Self-healing works via a separate byzantine agreement mechanism that does not depend on shared view of history.
The weak coin beacon uses a VRF-based protocol to generate a weak coin toss. In each round, each party calculates the output of a VRF based on their identity and the round number. Parties with a sufficiently low result publish their results and the lowest result wins. The value of the "coin toss" is one bit, e.g., the least significant bit, of this lowest result.
If the lowest result comes from an honest participant, it will be published on time, everyone will receive this result, and all honest parties will agree on it. The "weak" nature of the coin comes from the fact that, in some cases, a dishonest adversary may win and be able to bias the results by, e.g., choosing not to publish their result, publishing it late, etc.
In the case where all honest parties do agree on the result of the coin toss, they will all adjust their next round of votes on the blocks in question in the same direction (e.g., "heads" means "vote yes"), and convergence will be achieved in the following round. In the case where an adversary successfully attacks the result, convergence will be delayed one round. Note that the honest parties only need to win this coin toss game once in order to achieve convergence, and over time the likelihood of this occurring only grows.
Importantly, the beacon does not rely upon any previous data and, thus, does not rely upon consensus having been previously achieved or maintained.

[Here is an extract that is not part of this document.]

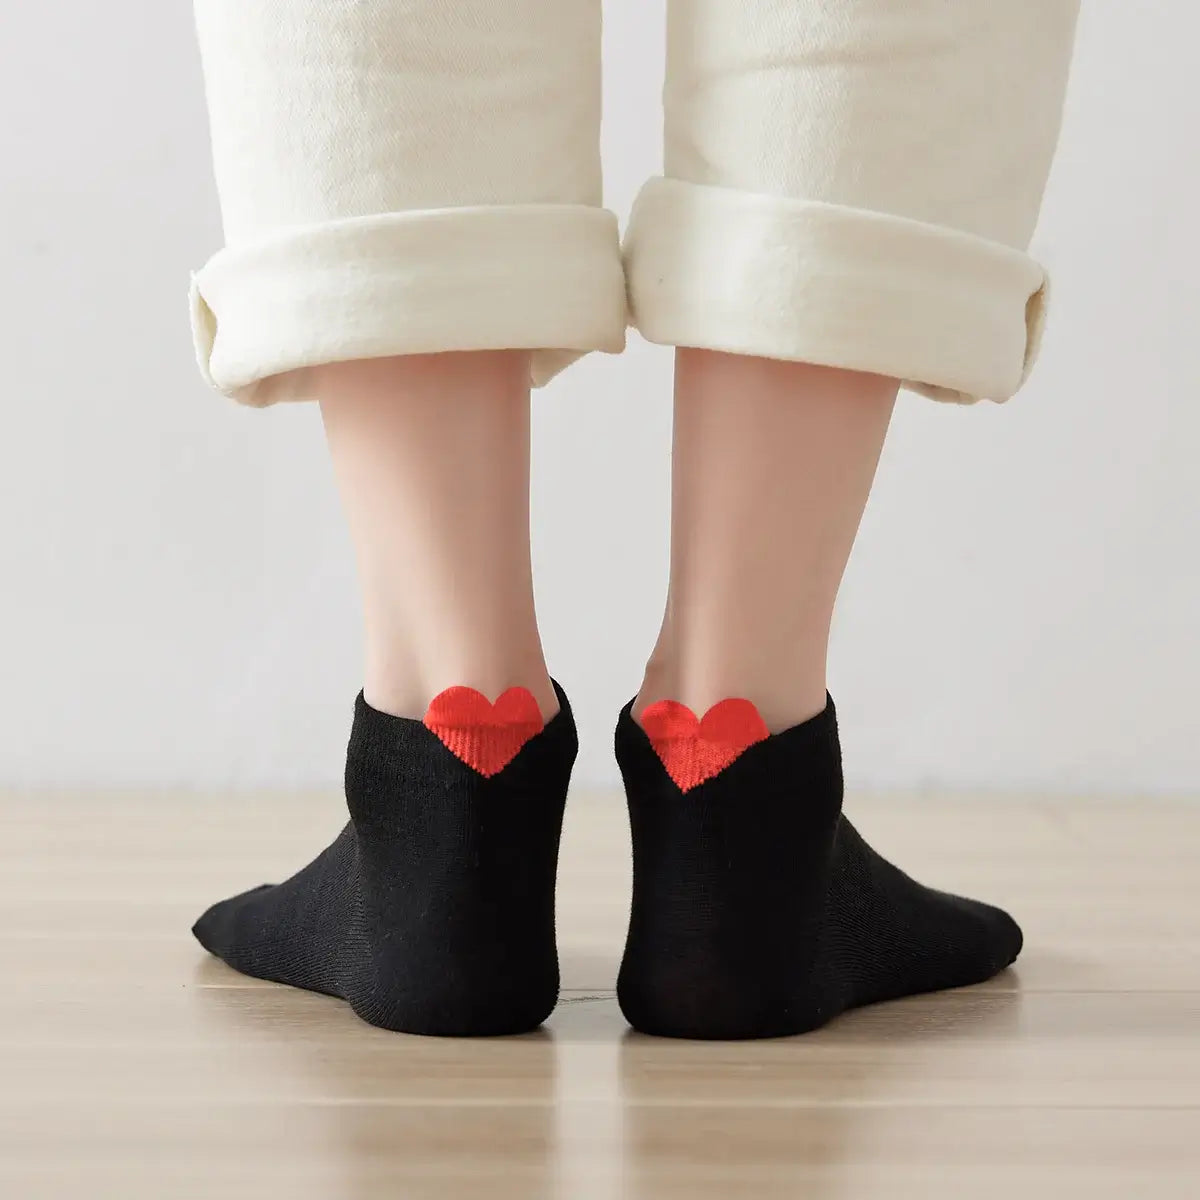 Chaussettes noir en coton unis Coup de Coeur pour femme | Chaussettes douces et respirantes | Un cadeau parfait pour les femmes de tous âges | Disponibles à un prix abordable.

This is what enables the self-healing property.
An astute reader will notice that, unlike, e.g., the Hare beacon, there is no random input to the beacon VRF, since the input is just a node's identity and the current round number. This means that an adversary can grind on this identity and could possibly generate many identities to give them an advantage in biasing the weak coin toss. This is an area of active research, but our current thinking is that we should allow grinding on VRF identities but make it expensive to do so.
Blockchains based on Nakamoto consensus, such as Bitcoin, also have this "self-healing" property: some node will always produce the next block, and the ability to produce a new block doesn't depend upon consensus having been achieved in a prior round. In this way, over time all nodes will always converge around the "longest chain." However, it's much more difficult to achieve this property without Proof of Work, as in the case of Spacemesh. This is because, in most BFT-style protocols, if the network loses consensus even briefly, it's impossible to re-establish consensus. In protocols with committees that nominate and notarize a committee for the following round, for instance, without agreement on the current committee, there's no way for the network to reach agreement on the next valid committee.
In a PBFT-style system, such as those based on HotStuff BFT, losing consensus in this manner might mean that different participants have a different view on which transactions are confirmed. Self-healing ensures that this cannot happen in Spacemesh.
Another important difference between the Tortoise and a BFT-style protocol is that the Tortoise is capable of a more robust form of consensus: even if assumptions fail for a while, things that have been in consensus for a while remain in consensus. Contrast this with a BFT-style protocol, where you cannot rely on history in such a scenario, since it can be reversed.
The Hare is a BFT algorithm based on ADDNR18, with the important difference that we want to achieve consensus on a set of values rather than a single bit value.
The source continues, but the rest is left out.